And currently the boot stack includes TF-A, OP-TEE and U-Boot. In future
the plan is to enable upstream edk2 as well. Along with that the next
target for open boot firmware is Lemans based IoT EVK platform.

Right now the build generates 2 firmware payloads as bl2.elf (unsigned)
and fip.elf (test signed using qtestsign). It is required to sign
bl2.elf with QTI signature using sectools but in future the plan is to
drop QTI signature requirement with an updated release of XBL/XBL-SEC.

Once signing is done, one need to update following binaries in qcomflash
tarball and then proceed with QDL flashing:
- tz.mbn -&gt; bl2.mbn
- uefi.elf -&gt; fip.elf
diff --git a/.github/workflows/build-yocto.yml b/.github/workflows/build-yocto.yml
@@ -235,6 +235,14 @@ jobs:
                 type: u-boot-qcom-6.18
                 dirname: "_linux-qcom-6.18_u-boot-qcom"
                 yamlfile: ":ci/linux-qcom-6.18.yml:ci/u-boot-qcom.yml"
+          - machine: rb3gen2-core-kit-open-fw
+            distro:
+                name: qcom-distro-kvm
+                yamlfile: ':ci/qcom-distro-kvm.yml'
+            kernel:
+                type: default
+                dirname: ""
+                yamlfile: ""
     name: ${{ matrix.machine }}/${{ matrix.distro.name }}${{ matrix.kernel.dirname }}
     steps:
       - uses: actions/checkout@v4
diff --git a/ci/meta-arm.yml b/ci/meta-arm.yml
@@ -0,0 +1,9 @@
+header:
+  version: 14
+
+repos:
+  meta-arm:
+    url: https://git.yoctoproject.org/meta-arm
+    layers:
+      meta-arm:
+      meta-arm-toolchain:
diff --git a/ci/rb3gen2-core-kit-open-fw.yml b/ci/rb3gen2-core-kit-open-fw.yml
@@ -0,0 +1,9 @@
+# yaml-language-server: $schema=https://raw.githubusercontent.com/siemens/kas/master/kas/schema-kas.json
+
+header:
+  version: 14
+  includes:
+  - ci/base.yml
+  - ci/meta-arm.yml
+
+machine: rb3gen2-core-kit-open-fw
diff --git a/conf/layer.conf b/conf/layer.conf
@@ -10,16 +10,18 @@ BBFILE_PATTERN_qcom := "^${LAYERDIR}/"

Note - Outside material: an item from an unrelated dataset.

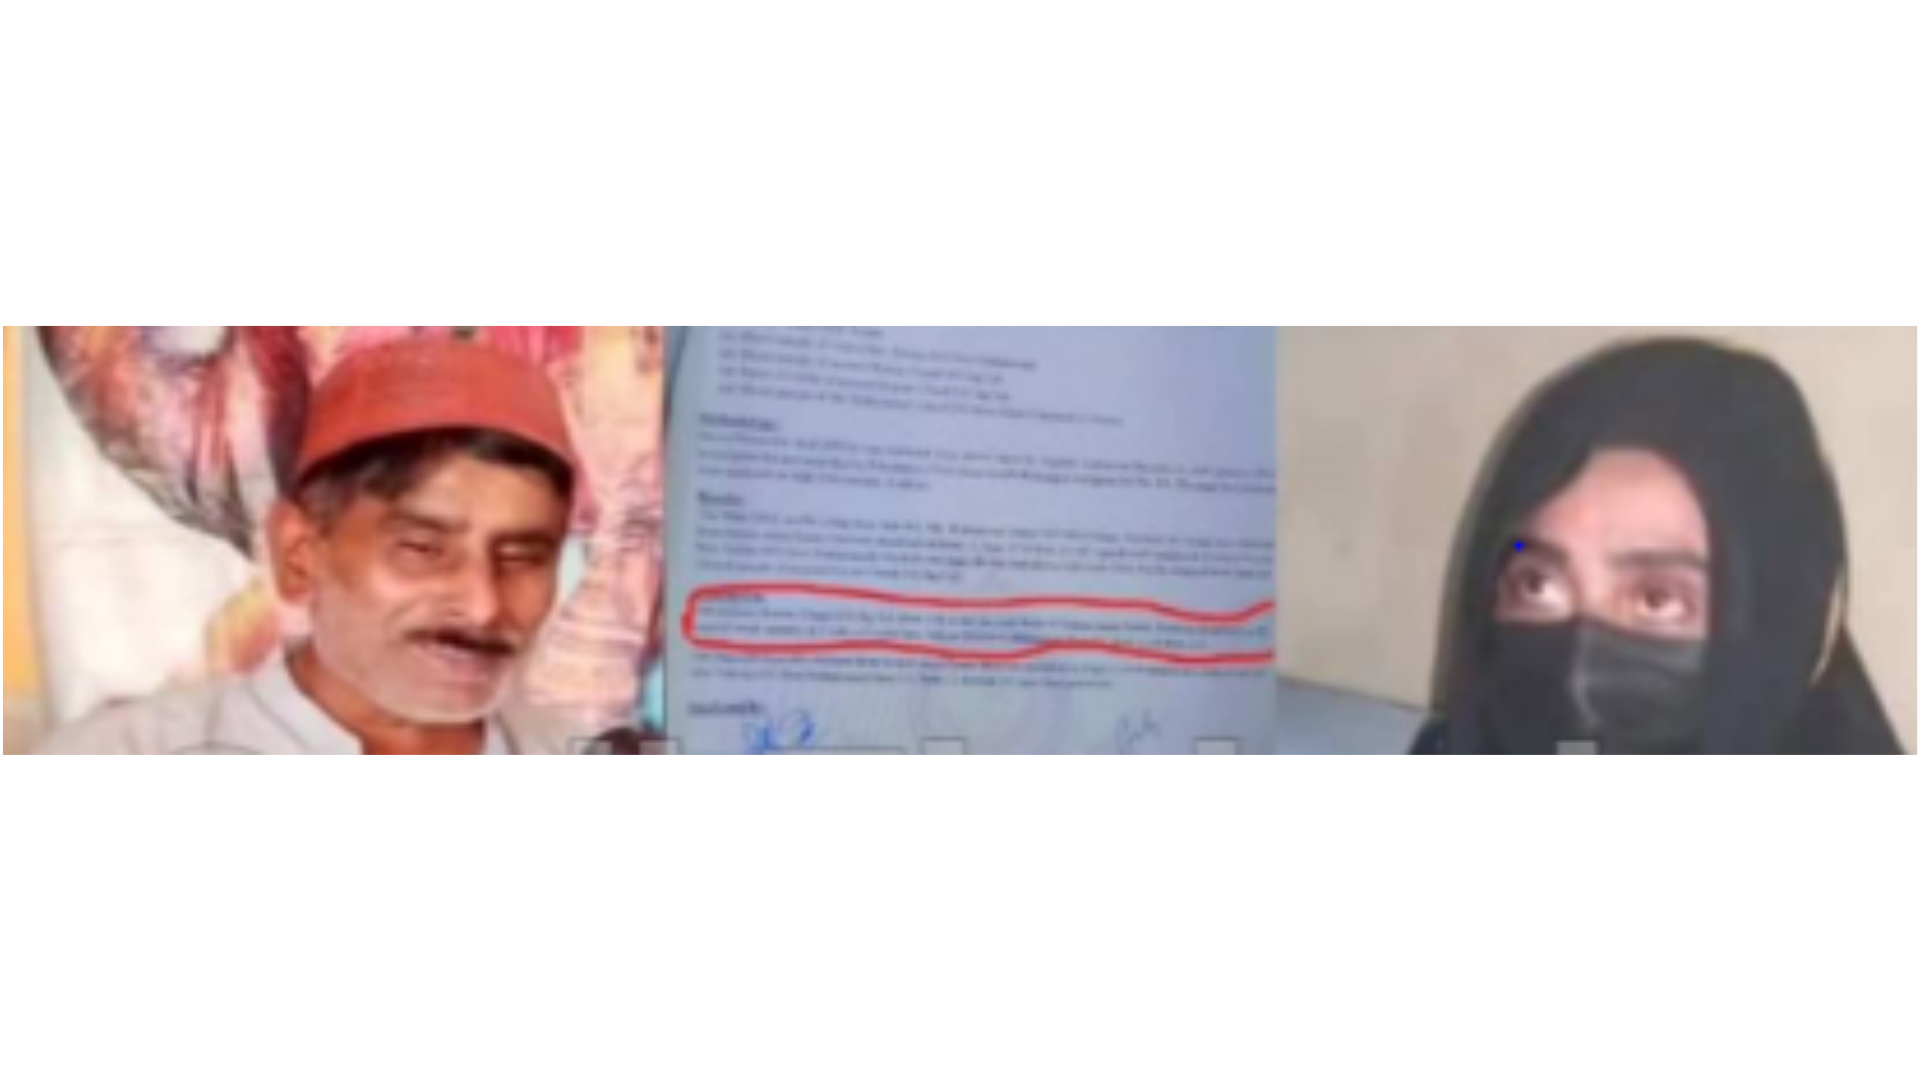 Allegations of Rape Case in Hyderabad’s Shiv Mandir Proven False in DNA Report

 BBFILE_PRIORITY_qcom = "6"
 
 LAYERDEPENDS_qcom = "core"
-LAYERRECOMMENDS_qcom = "openembedded-layer"
+LAYERRECOMMENDS_qcom = "openembedded-layer meta-arm"
 LAYERSERIES_COMPAT_qcom = "whinlatter"
 
 LICENSE_PATH += "${LAYERDIR}/licenses"
 
 BBFILES_DYNAMIC += " \
-    openembedded-layer:${LAYERDIR}/dynamic-layers/openembedded-layer/*/*/*.bb \
-    openembedded-layer:${LAYERDIR}/dynamic-layers/openembedded-layer/*/*/*.bbappend \
+    meta-arm:${LAYERDIR}/dynamic-layers/meta-arm/*/*/*.bb \
+    meta-arm:${LAYERDIR}/dynamic-layers/meta-arm/*/*/*.bbappend \
     networking-layer:${LAYERDIR}/dynamic-layers/networking-layer/*/*/*.bb \
     networking-layer:${LAYERDIR}/dynamic-layers/networking-layer/*/*/*.bbappend \
+    openembedded-layer:${LAYERDIR}/dynamic-layers/openembedded-layer/*/*/*.bb \
+    openembedded-layer:${LAYERDIR}/dynamic-layers/openembedded-layer/*/*/*.bbappend \
     qcom-distro:${LAYERDIR}/dynamic-layers/qcom-distro/*/*/*.bb \
     qcom-distro:${LAYERDIR}/dynamic-layers/qcom-distro/*/*/*.bbappend \
     selinux:${LAYERDIR}/dynamic-layers/selinux/*/*/*.bb \
diff --git a/conf/machine/rb3gen2-core-kit-open-fw.conf b/conf/machine/rb3gen2-core-kit-open-fw.conf
@@ -0,0 +1,13 @@
+#@TYPE: Machine
+#@NAME: Qualcomm RB3Gen2 Development Kit (Core Kit with open boot firmware)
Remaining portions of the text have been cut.